The security.authorization configuration option that enabled authentication is also the most important configuration option for setting up authorization since it also gives us roles that allow us to authorize users to have specific permissions.   While there are some authorization configuration options for the inbuilt authorization system, most of the options are useful for integrating LDAP or other external authentication mechanisms with your roles.  Read more about setting up LDAP Authorization, as well as a great blog post discussing how to set it up.

Encryption:

Transport Encryption ensures that your data is encrypted between your application and the database, it also can be used to encrypt data between members of your replica set and sharded cluster.  The most important configuration option here is net.tls.mode. This configuration option is new in MongoDB 4.2, previous to MongoDB 4.2, this configuration option is named net.ssl.mode.   This configuration option decides how strictly you want to enforce TLS encryption.   The options for this configuration option are:

  • Disabled – signifies that there is no encryption whatsoever.
  • requireTLS – signifies that all traffic, regardless of origin, is encrypted.  requireTLS is the most secure setting for this configuration option.
  • allowTLS – signifies that there is no encryption going on between members of the replica set or sharded cluster, but the DB server will accept both encrypted and non-encrypted traffic from the application hosts.  Only used for transitioning between disabled to requireTLS in a rolling restart fashion.
  • preferTLS – signifies that there is encryption going on between members of the replica set or sharded cluster and that the DB server will accept both encrypted and non-encrypted traffic from the application hosts. Only used for transitioning between disabled to requireTLS in a rolling restart fashion.
net:
  tls:
    mode: requireTL

 

Additional required configuration options for transport encryption are:

  • net.tls.certificateKeyFile – location of the .pem file with the certificate and it’s key to be used for application connections.  Note that the user MongoDB is running as must have read permissions on this file.
  • net.tls.clusterFile – location of the .pem file used for transport encryption between replica set or cluster members.   Note that the user MongoDB is running as must have read permissions on this file.
  • net.tls.CAFile – location of the .pem file with the root certificate chain from the Certificate Authority.  Note that the user MongoDB is running as must have read permissions on this file.

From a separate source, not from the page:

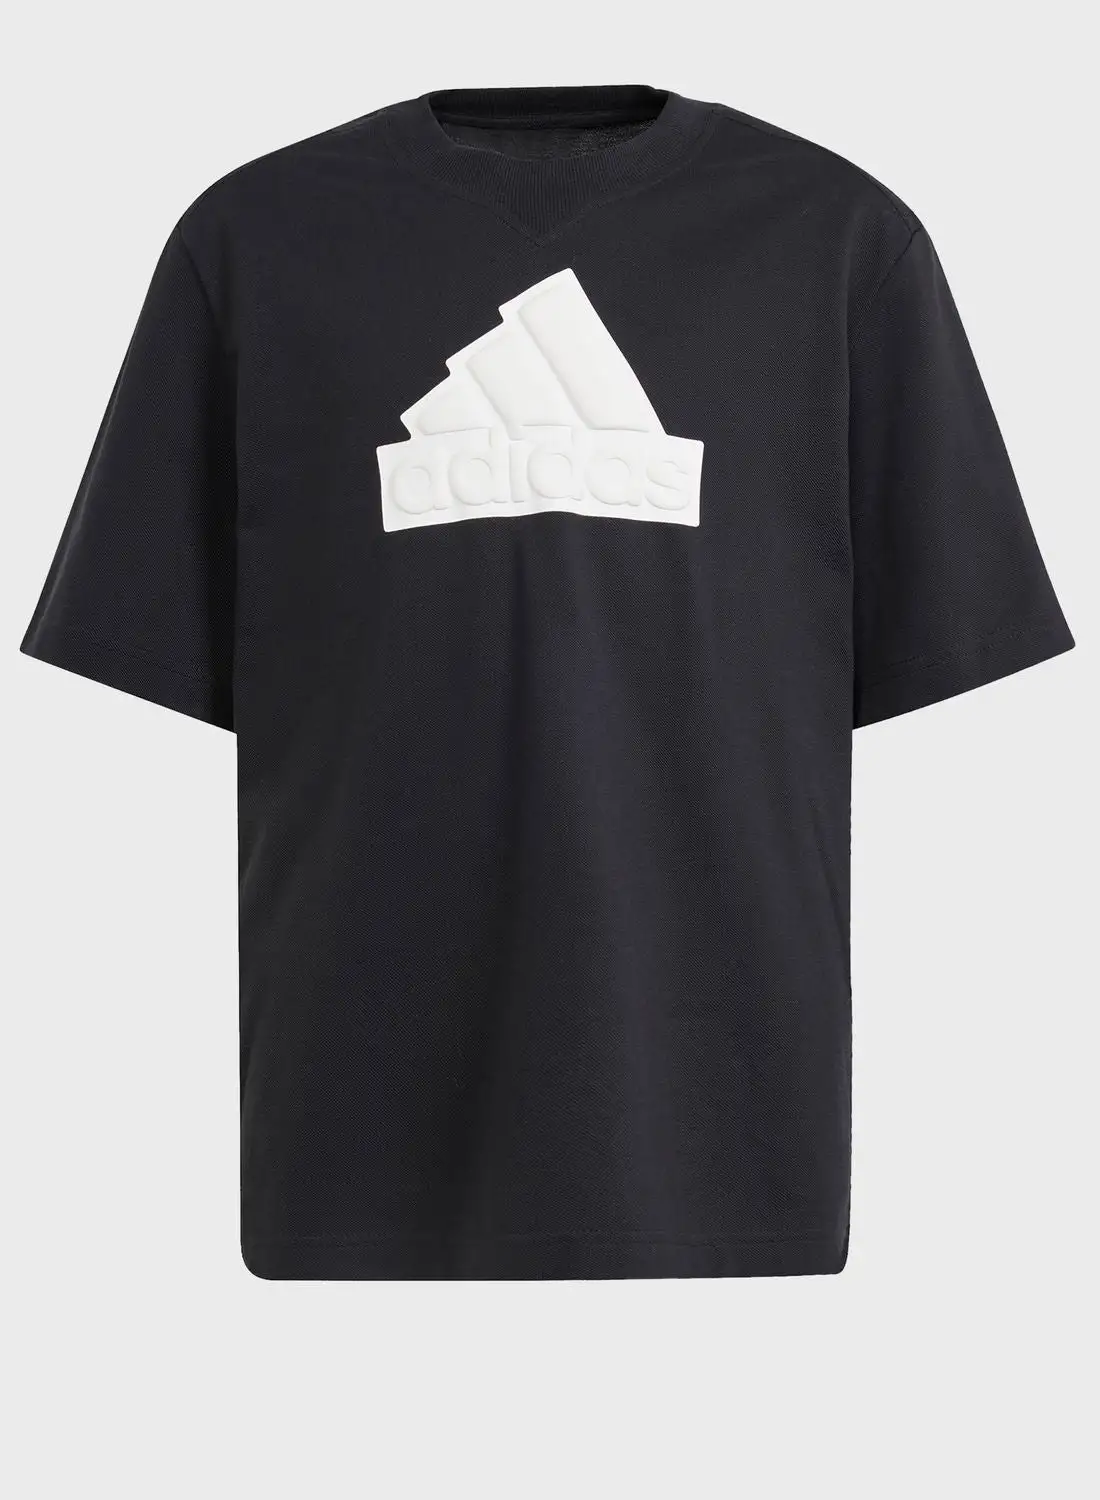 Adidas Kids Logo T-Shirt

Data at Rest Encryption ensures that your data can’t be read by someone who steals your database’s data files unless they also steal the key.  This prevents someone from reading your MongoDB data files at the file system level.  Here the most important configuration option is security.enableEncryption.

security:
  enableEncryption: true

Additional required configuration options for Data At Rest Encryption are:

  • security.encryptionCipherMode – form of encryption to use, options are AES256-CBC and AES256-GCM

Percona Server for MongoDB Specific Configuration Options:

Percona Server for MongoDB has integration with HashiCorp Vault for secret management for your Data at Rest Encryption. Read the documentation for Vault and Using Vault to Store the Master Key for Data at Rest Encryption on Percona Server for MongoDB.

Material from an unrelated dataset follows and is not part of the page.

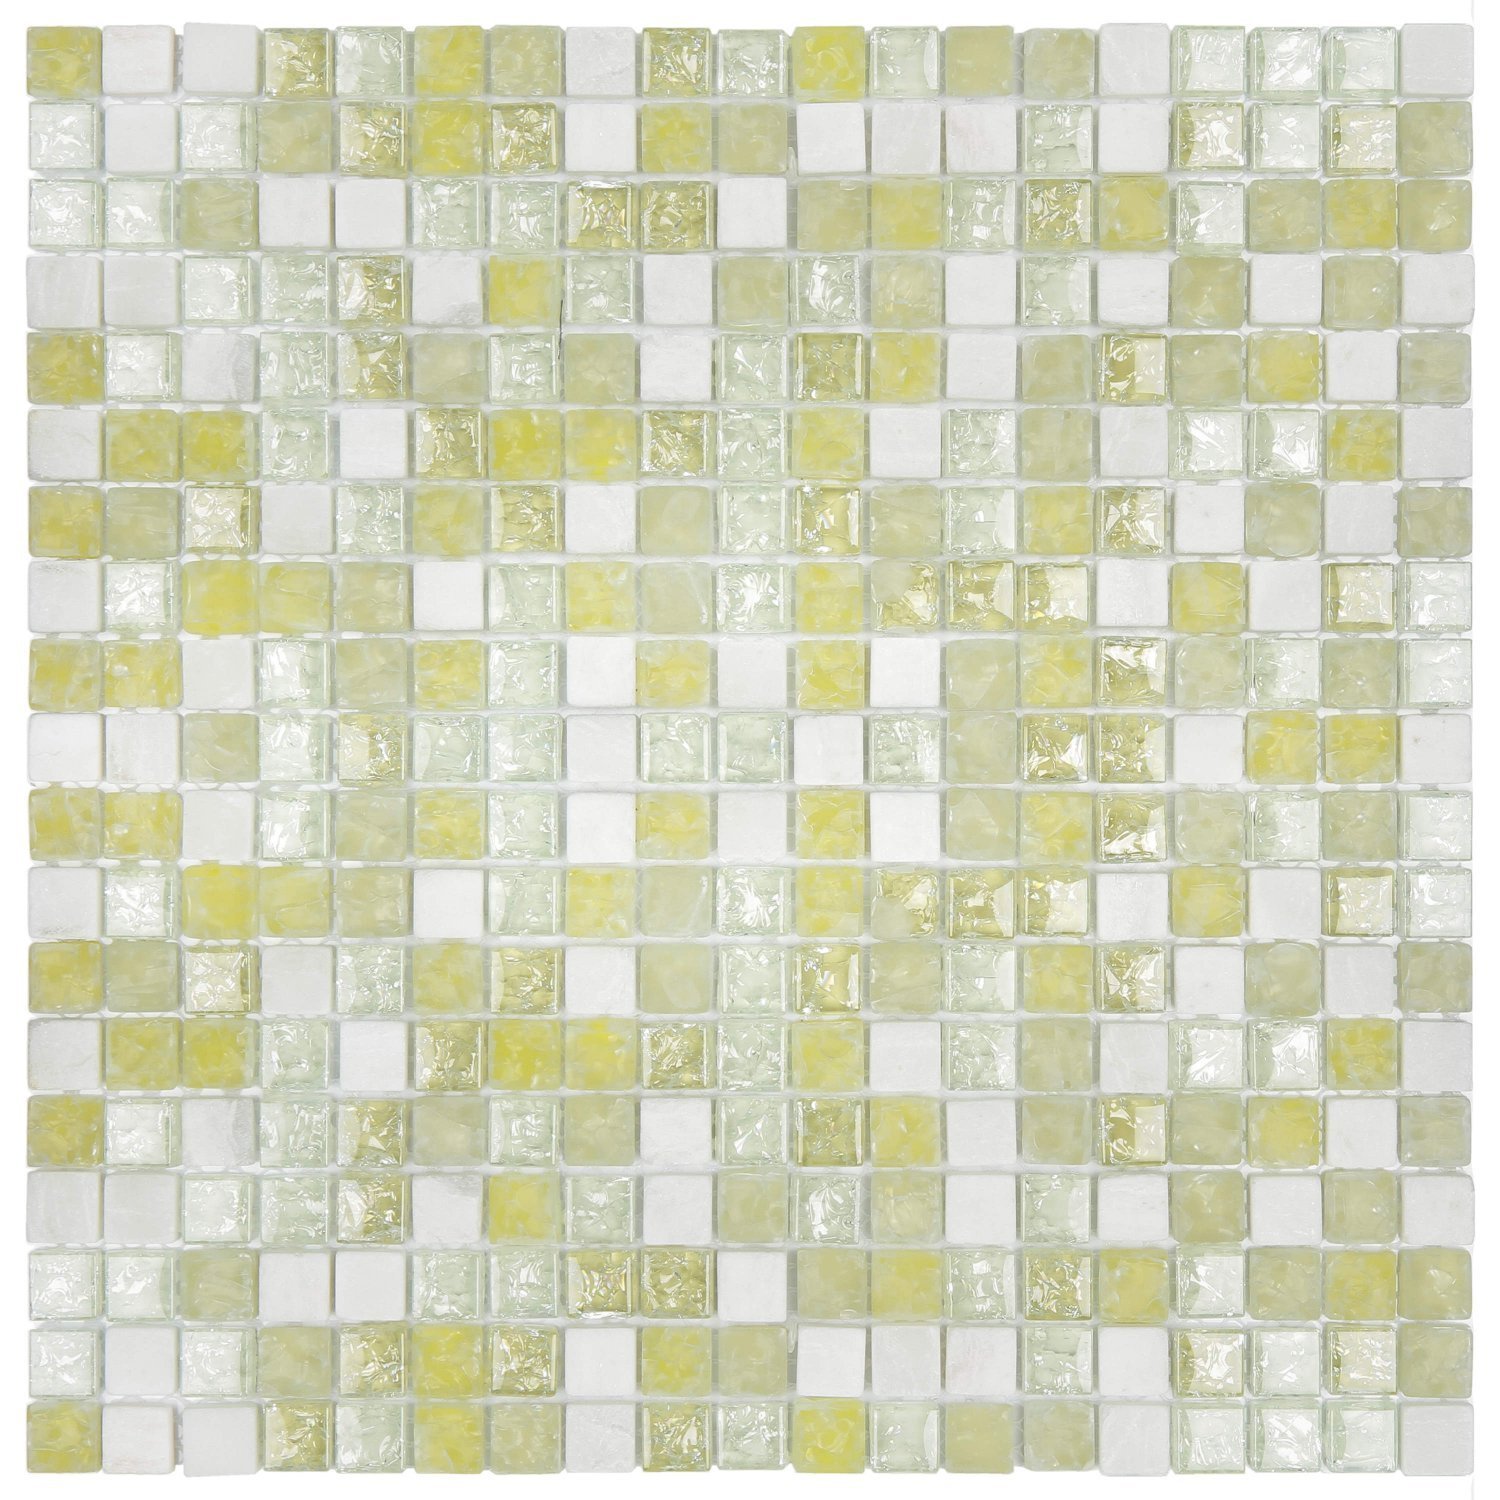 Pastilha Mesclada de Mármore e Vidro 31cm x 31cm Stone Glass Mosaic (Placas)

Important configuration options for the Vault Integration are:

  • security.vault.serverName – server name that your vault server is on
  • Security.vault.port – port for vault connectivity
  • security.vault.tokenFile – location of file with vault token
  • Security.vault.secret – location for secrets, since these are set up per node, this should have a distinguishing characteristic such as node name in it
  • security.vault.serverCAFile – location of CAFile (Certificate Authority) on your local mongodb node
  • security.vault.rotateMasterKey – only used to rotate the master key

MongoDB Enterprise Specific Data At Rest Encryption Configuration Options:

Currently, MongoDB Enterprise does not have Vault Integration for Encryption at rest except in MongoDB Atlas.  MongoDB Enterprise does support the KMIP protocol and you can integrate MongoDB with any Key Management tool that utilizes the KMIP protocol.  Documentation can be found here.

Important configuration options to support Key Management through the KMIP protocol are:

  • security.kmip.serverName – server name where your Key Management tool resides
  • security.kmip.port – port for your key management tool
  • security.kmip.serverCAfile – path on your MongoDB hosts of a CA file (Certificate Authority) for secure connection to your Key Management Tool
  • security.kmip.clientCertificateFile – path to the client certificate used for authentication to your Key Management tool
  • security.kmip.rotateMasterKey – only used to rotate the master key

Auditing:

Auditing allows IT Security Compliance teams to track and log activities that are run against the MongoDB database.  There are several important auditing configuration options for MongoDB,  auditLog.filter is the most important as it decides what exactly you are setting up in your auditing log.

auditLog:
  filter:  { <field1>: <expression1>, ... }

 

For example, if we only wanted to have an audit log entry created every time someone created or removed a collection, we would set the auditLog.Filter as such:

auditLog:
  filter: { atype: { $in: [ "createCollection", "dropCollection" ] } }

 

If we wanted to audit everyone with a specific role, we could set the auditFilter as such:

auditLog:
  filter:{ roles: { role: "readWrite", db: "appdb" } }

 

Additional required configuration options for auditing are:

  • auditLog.destination – whether the audit log will be written to a file, to the console, or to the syslog
  • auditLog.path – if outputting to a file, the destination directory, and file name of the audit log.   Note that the user MongoDB runs as must have read and write permissions to this directory.
  • auditLog.format – the format the audit log is output to, options are JSON and BSON, with JSON being the more commonly used format.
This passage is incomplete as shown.